CAS N°5 PRAGUE • RÉPUBLIQUE TCHÈQUE "25 JUIN 2026"

0 victime et + DE 200 PERSONNES ÉVACUÉES

Un feu de toiture maîtrisé avant d’atteindre l’hôtel

Ce qui s’est passé

Un incendie s’est déclaré en soirée sur la terrasse en toiture d’un hôtel situé rue Hybernská, identifié dans les informations disponibles comme The Cloud One Prague. Le feu, visible depuis le centre-ville, a entraîné un important déploiement des secours et le déclenchement d’un troisième niveau d’alarme. Plusieurs rues voisines ont été fermées afin de permettre l’intervention.

Le bilan et les circonstances connues

Plus de 200 clients et employés ont quitté l’établissement. Aucun blessé n’a été signalé. Les pompiers ont indiqué que le feu était principalement limité à la terrasse et que l’intérieur de l’hôtel avait été peu touché. Les équipes ont ensuite recherché d’éventuels points chauds. La cause du départ de feu n’était pas publiée dans les sources consultées.
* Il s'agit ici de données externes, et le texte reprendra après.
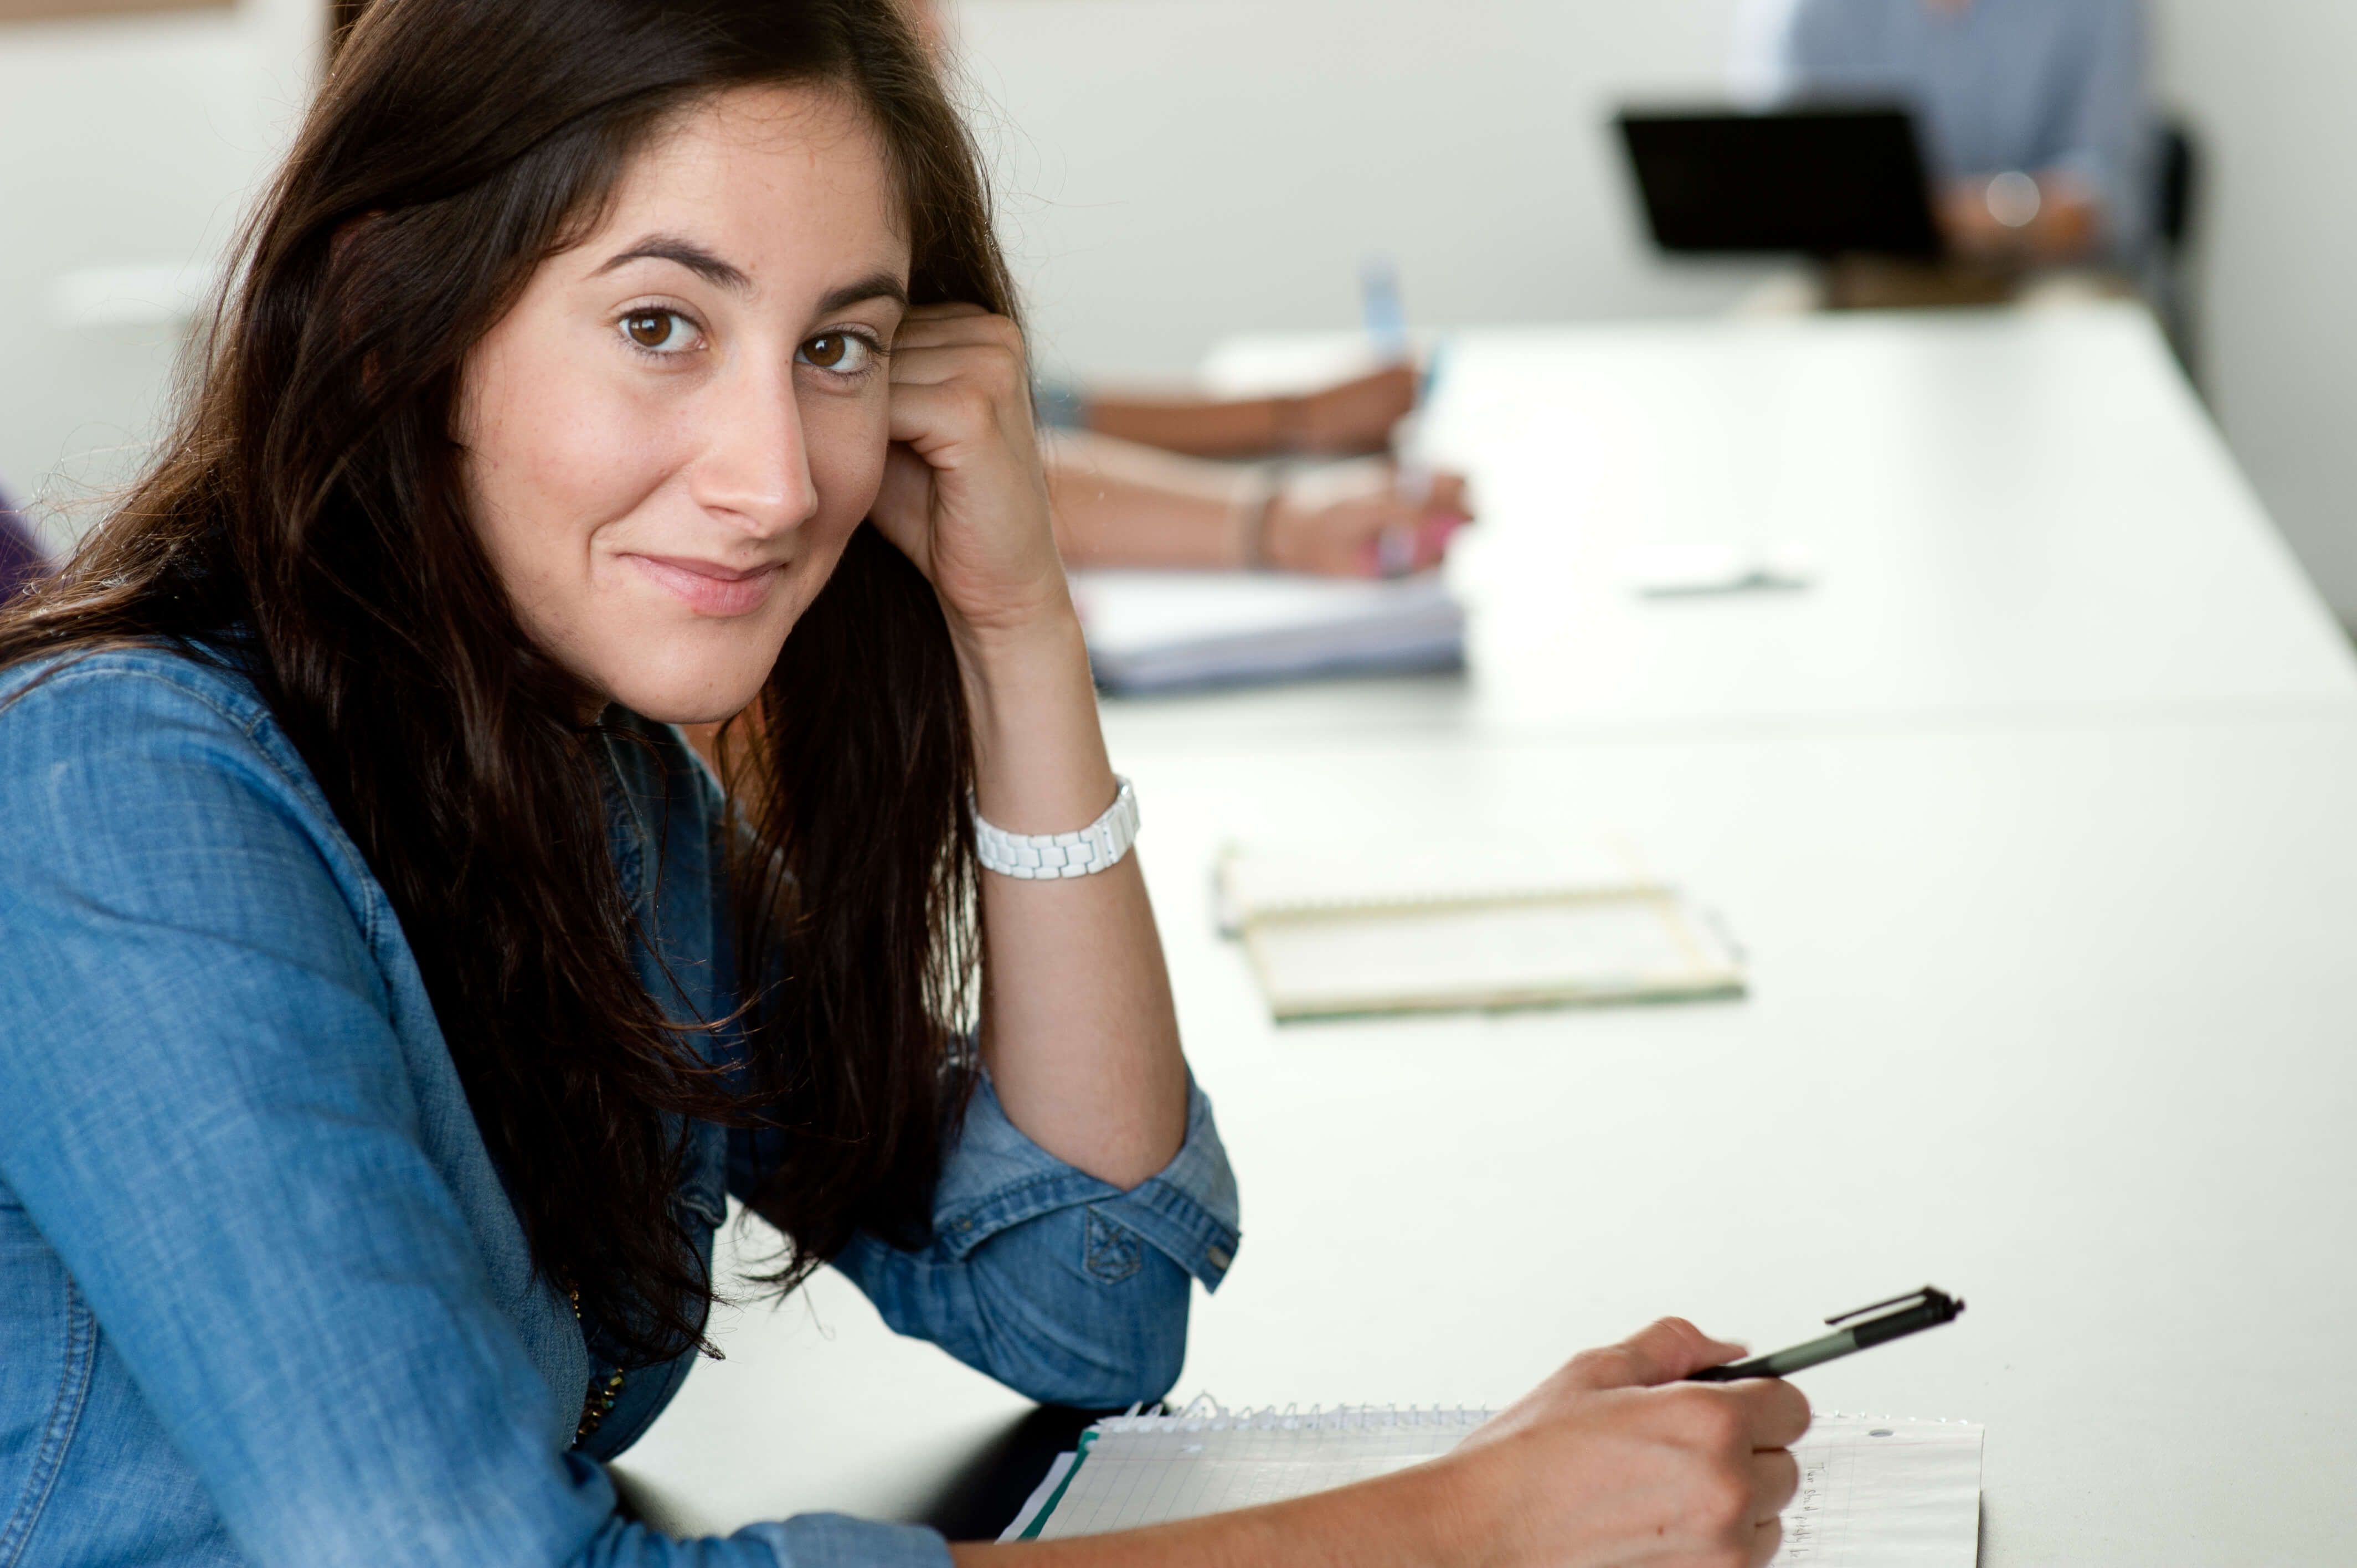 close-up photo of woman with long dark hair sitting at classroom table smiling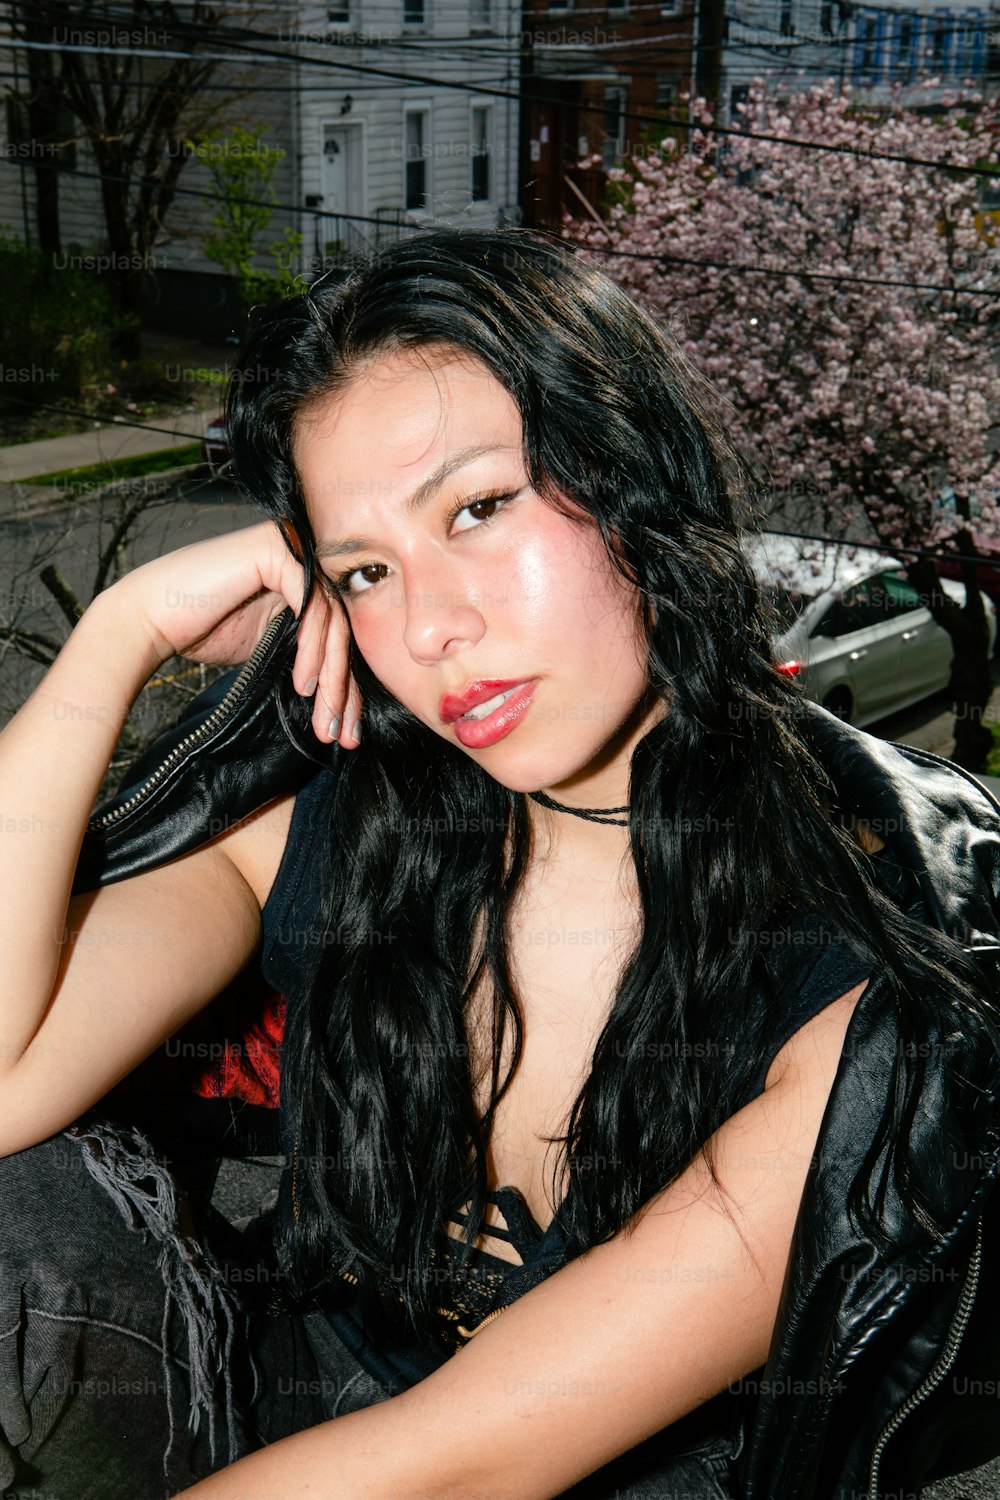 a woman with long black hair sitting on a motorcycle

Pourquoi ce cas reste majeur

L’absence de victime ne minimise pas l’événement : elle indique au contraire que l’évacuation et l’intervention ont empêché un scénario plus grave. Dans un hôtel, les occupants connaissent rarement les lieux, peuvent dormir au moment de l’alarme et tendent à revenir vers l’entrée principale. La signalétique, l’éclairage de sécurité, la diffusion d’une alarme compréhensible et le guidage par un personnel formé sont donc essentiels.

Le confinement du feu à la toiture suggère aussi l’intérêt d’une séparation efficace avec les volumes d’hébergement. Les accès, gaines et traversées reliant la terrasse au bâtiment doivent empêcher le feu et les fumées de gagner les chambres et circulations.

À RETENIR

Une évacuation réussie et une propagation limitée constituent déjà un résultat de sécurité. La priorité dans un hôtel est de détecter tôt, guider les clients et maintenir la séparation entre toiture, locaux techniques et zones d’hébergement.

CAS N°4 MAGĦTAB–SALINA • MALTE "1ER JUIN 2026"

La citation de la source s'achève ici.